Kompletnie nie kojarzył mi się on z aniołem. – Więc jak brzmią te pytania?
Zmarszczyłem brwi w zamyśleniu, zastanawiając nad tym,
czego najbardziej chciałbym się dowiedzieć. Lailah, której na szczęście nic nie
było, przytoczyła mi troszkę więcej wspomnień, jeżeli chodzi o moją rolę pasterza.

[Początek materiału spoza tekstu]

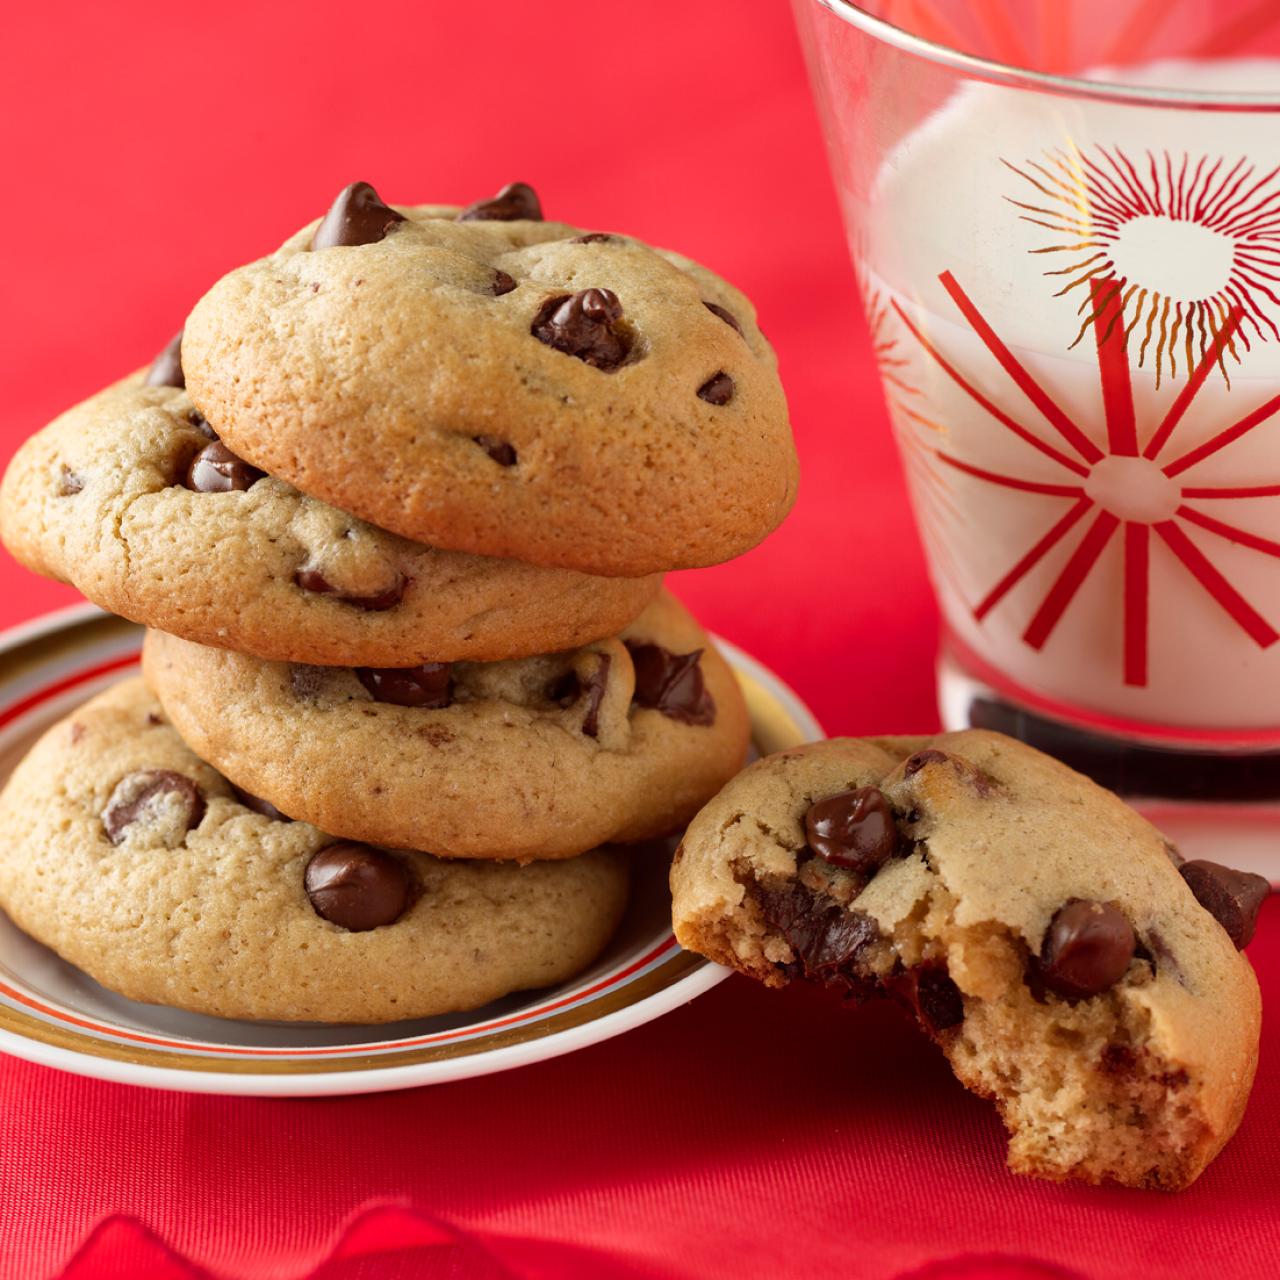 Best Chocolate Chip Cookies Recipe (with Video)

Dowiedziałem się o helionach, o działaniu paktów i o tym, że dzięki pomocy jej
i Mikleo oczyszczałem te dziwne stwory ze zła. Mikleo z kolei skupiał się bardziej
na tym, bym przypomniał sobie to, kim jestem, więc może powinienem pytać jego o
rzeczy prywatne.
- Od jak dawna jesteśmy razem? – spytałem, wpatrując
się w niego z uwagą i od czasu do czasu popijając ciepły napój.
- Małżeństwem jesteśmy stosunkowo niedawno, bo oświadczyłeś
mi się dzień przed twoją wyprawą, na której straciłeś pamięć – chłopak mówił
powoli, jakby się zastanawiał, a ja słuchałem jego słów z uwagą i mu nie
przerywałem. – A jeżeli chodzi tak ogólnie, to od dobrych paru miesięcy. Trudno
mi stwierdzić.
- Ja ci się oświadczyłem? – powtórzyłem, wpatrując się
w niego z niedowierzaniem. – Wow – wyszeptałem, nie mogąc to uwierzyć. Ale
musiałem być pewny swego, skoro wyskoczyłem z takim pomysłem.

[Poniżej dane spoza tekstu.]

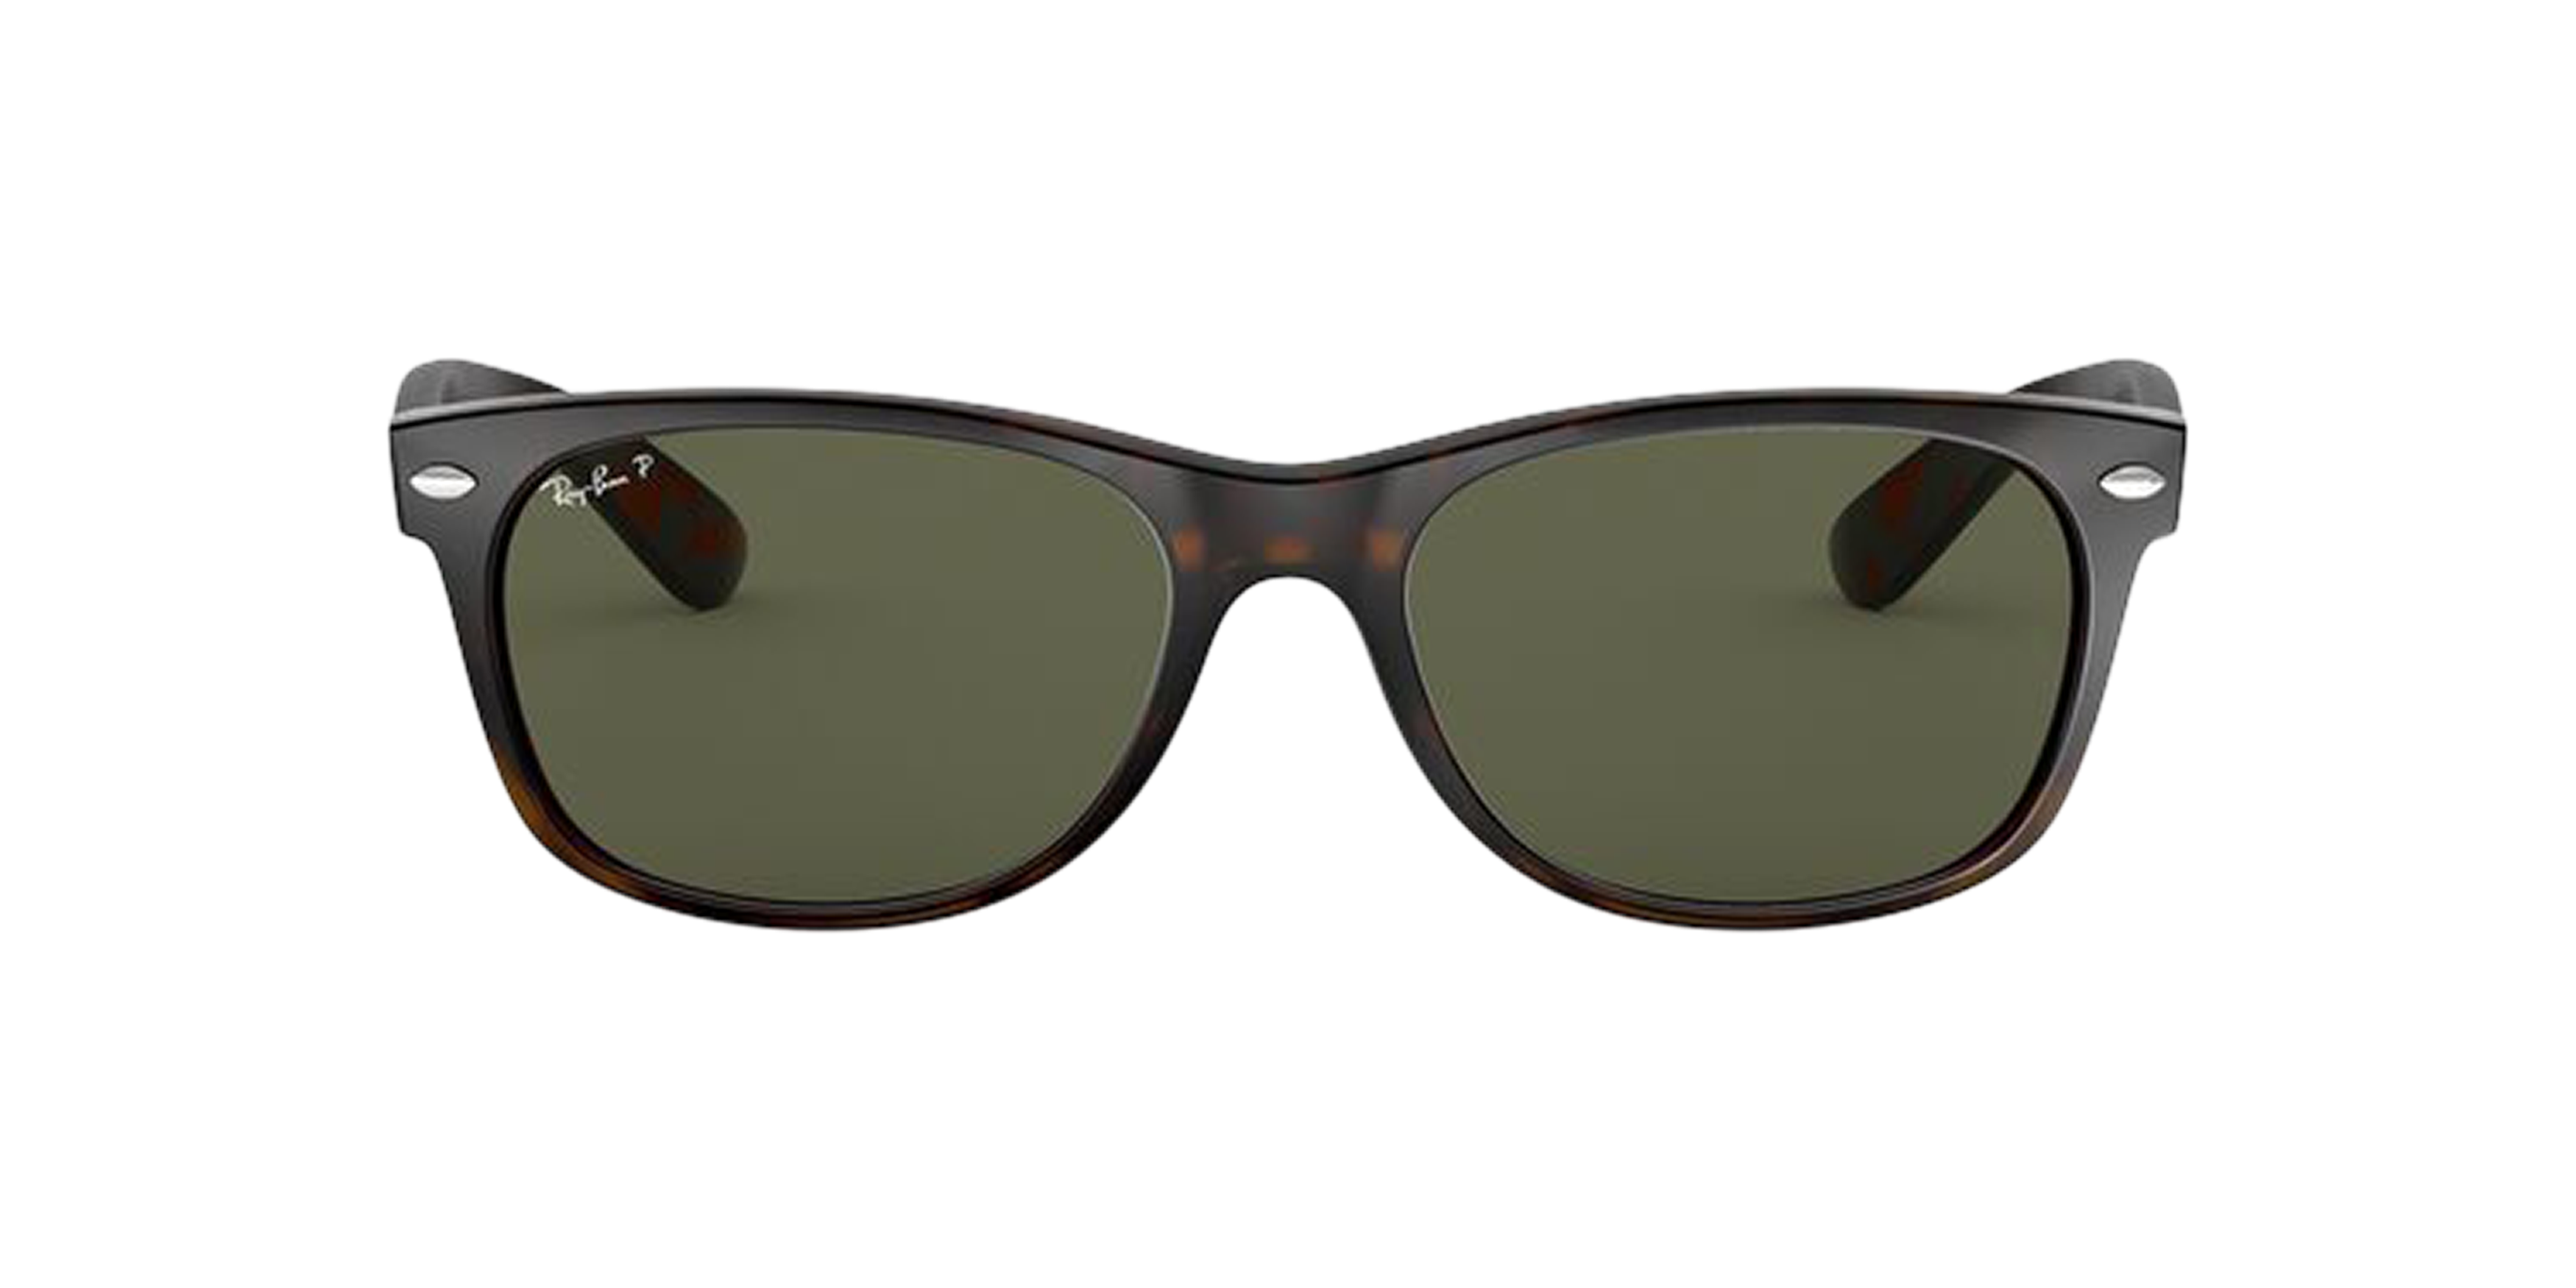 [products.image.front] Ray-Ban New Wayfarer Classic RB2132 902/58

- Mnie też wtedy zaskoczyłeś – przyznał, uśmiechając się
delikatnie.
- Często się kochaliśmy? – kontynuowałem, chcąc dowiedzieć
się jak najwięcej. Takie pytania pomogą mi określić obraz naszej relacji. Kiedy
tylko moje słowa dotarły do chłopaka, jego policzki stały się natychmiastowo
czerwone i wbił wzrok gdzieś w bok. Nadal nie potrafiłem zrozumieć, dlaczego
się tak wstydził. – Czy to, że się kochaliśmy, to coś złego i dlatego się tego
tak wstydzisz? – dalej pytałem, delikatnie przekrzywiając głowę. Chciałem po prostu
zrozumieć emocje targające chłopakiem i powód, dla którego się tak wstydził.
Przecież mówienie o tym nie może być bardziej wstydliwe niż robienie tych rzeczy.